A conventional vibratory massage unit includes a motor, typically mounted within a housing, which drives a flexible drive cable positioned within a coaxial cable sheath. The housing may include a timer and a vibration rate control. A meter for indicating vibratory cycles may also be included. The end of the drive cable is connected to an applicator handle which includes an applicator head, the part adapted to contact the body of a patient. The applicator handle converts the rotary motion of the cable to a lateral translation, with the applicator head moving in a generally circular pattern. Either the side or the front of the applicator head may be placed against the patient's body.

A significant problem that has existed in prior units of this type has been excessive vibration of the applicator handle. More specifically, units designed heretofore have worked effectively when the applicator head is placed against the body of a patient because the patient's body absorbs whatever vibration exists in the applicator handle. However, when the therapist removes the handle from the patient's body to move it to another location, the vibration absorbing function of the body ceases and the handle itself vibrates. In virtually all units, this vibration has been excessive, resulting in operator fatigue. Considering that many physical therapists and others use such a unit for extended periods of time, this has been a serious problem.

SUMMARY OF THE INVENTION

According to the present invention, there is provided an applicator handle for a vibratory massage unit which solves these problems in a manner unknown heretofore. The present applicator handle solves the problem of excessive vibration by statically and dynamically balancing all moving parts within the handle. Accordingly, when an operator removes the applicator handle from a patient's body, with the drive motor still activated, the applicator head rotates quietly and smoothly, without vibration. Furthermore, the design of the present applicator handle is simple and efficient, with each part providing as many functions as possible. A single offset member provides the transition from pure rotational motion to translational motion as well as providing static and dynamic balancing. The grip can rotate relative to the cable sheath so that the operator does not have to regrip the unit as the vibrational energy is provided to various parts of the body.

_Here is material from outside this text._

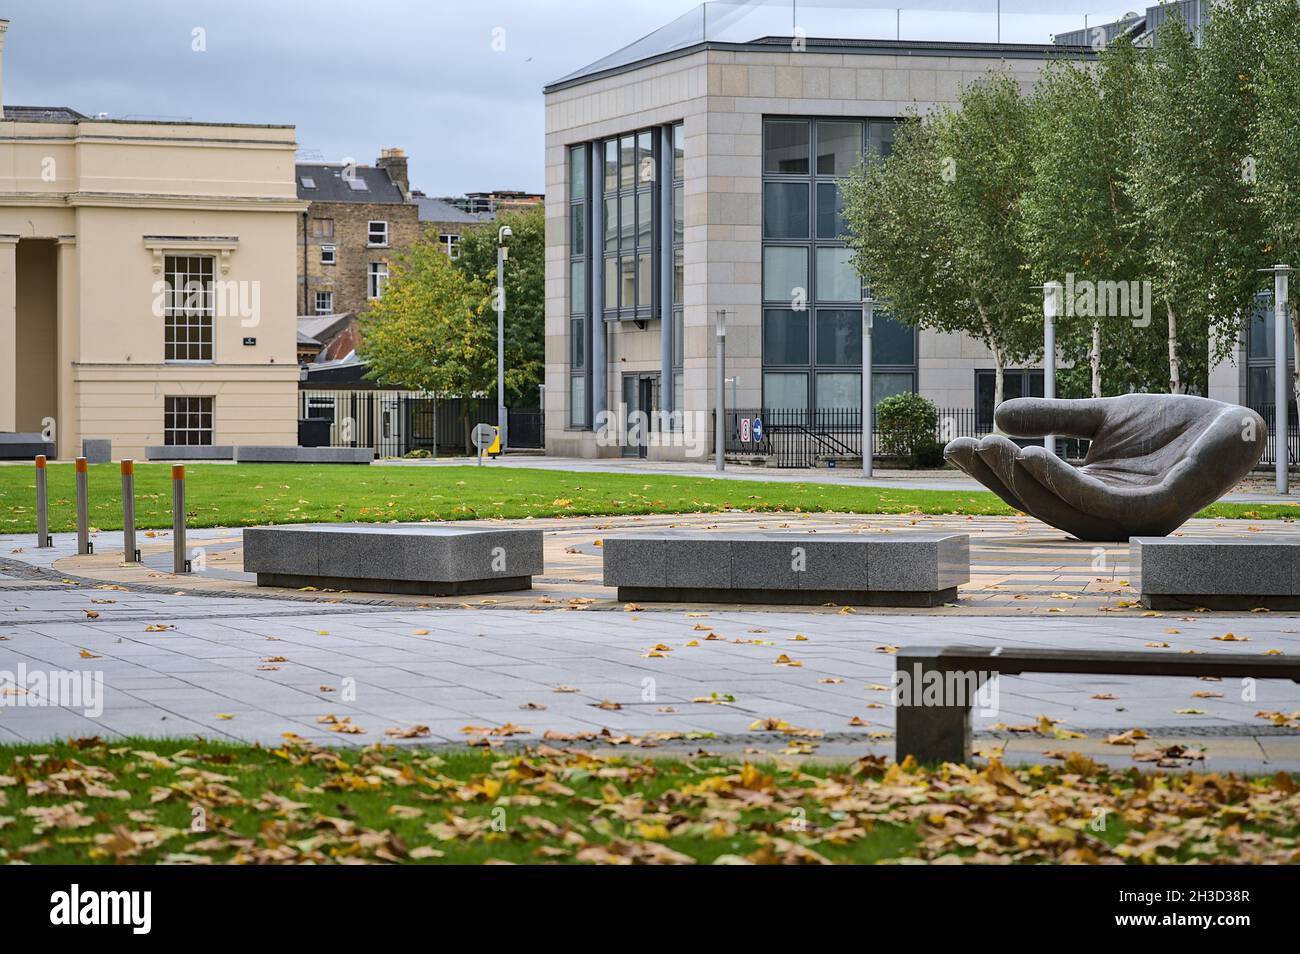 Dublin, Irlande - 23 octobre 2021 : vue d'automne de la sculpture de bronze à la main en attente dans la cour du ministère de l'éducation avec des feuilles jaunes tombées Banque D'Images
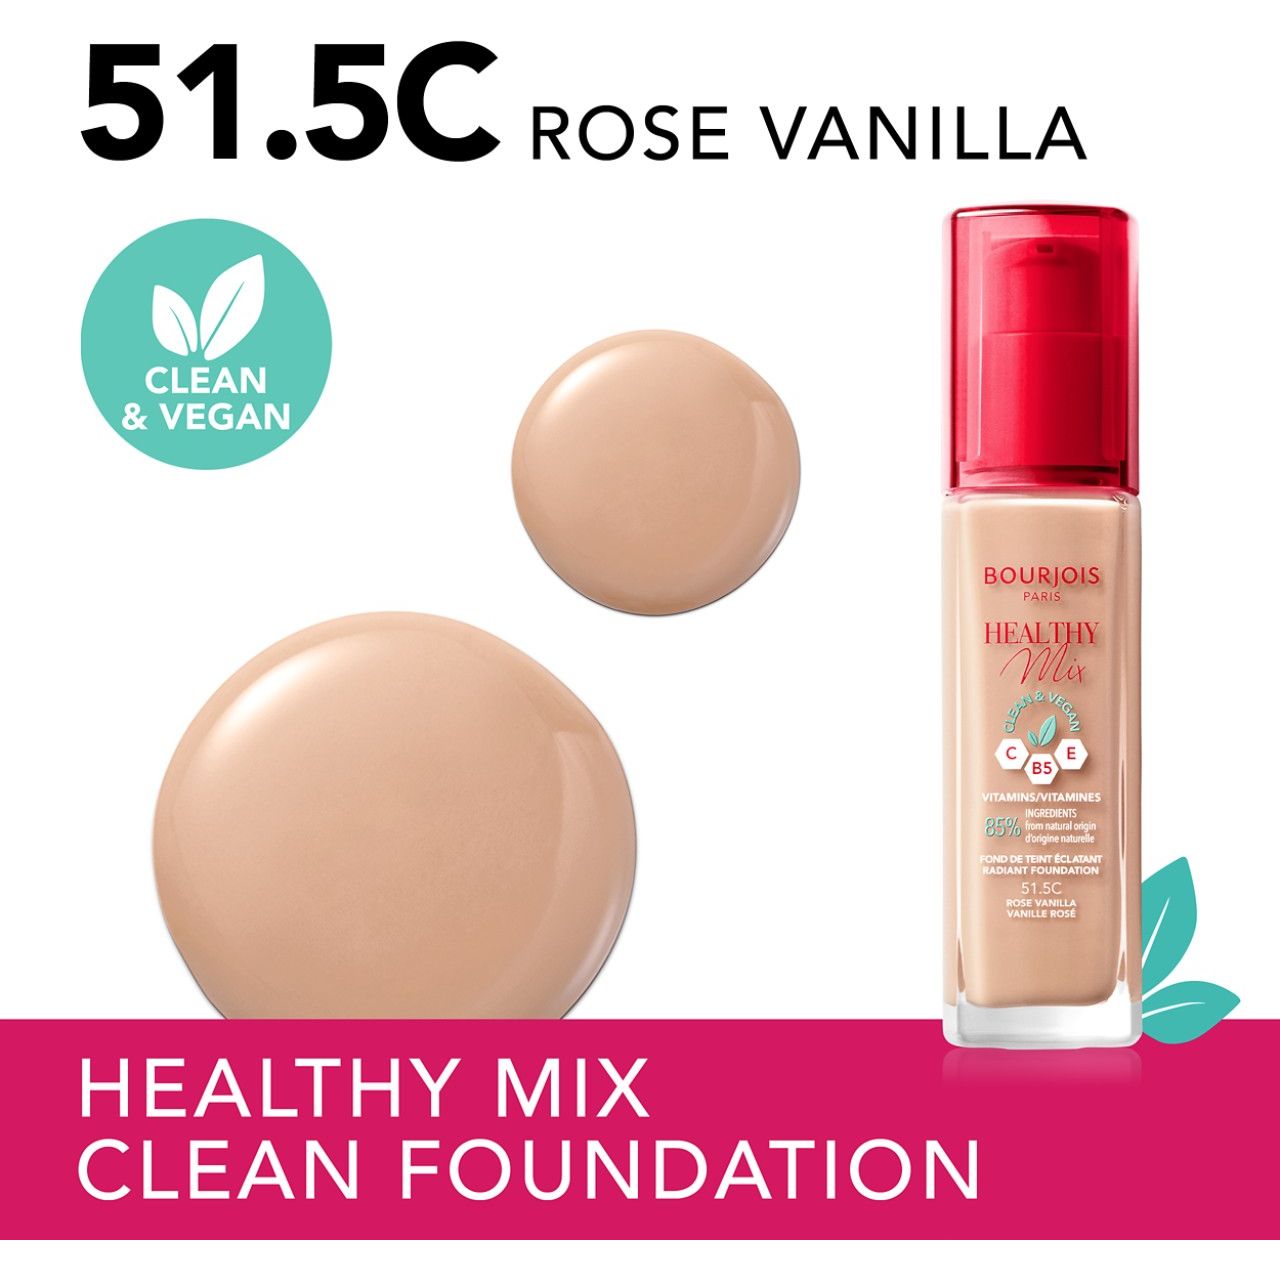 Тональная основа Bourjois Healthy Mix Clean & Vegan тон 51.5C (Rose Vanilla) 30 мл - фото 3

Briefly, and in accordance with the present invention, a handle for a vibratory massage unit connectable to a drive cable within a coaxial cable sheath comprises an elongate handle sleeve connectable to the cable sheath, a drive shaft connectable to the drive cable, first bearing means for supporting the drive shaft coaxially within the handle sleeve for rotation relative thereto, housing means surrounding the drive shaft, second bearing means operatively connected to the housing means, means for connecting the second bearing means to the drive shaft for permitting rotation of the drive shaft relative to the housing means, the connecting means supporting the second bearing means with the axis thereof offset on one side of the drive shaft whereby the housing means translates laterally in a circular pattern upon rotation of the drive shaft, an applicator head connectable to the housing means, and a counterweight operatively connected to the drive shaft with the axis of the counterweight offset on an opposite side of the drive shaft from the one side thereof for balancing the weight of the housing means, the second bearing means, and the applicator head.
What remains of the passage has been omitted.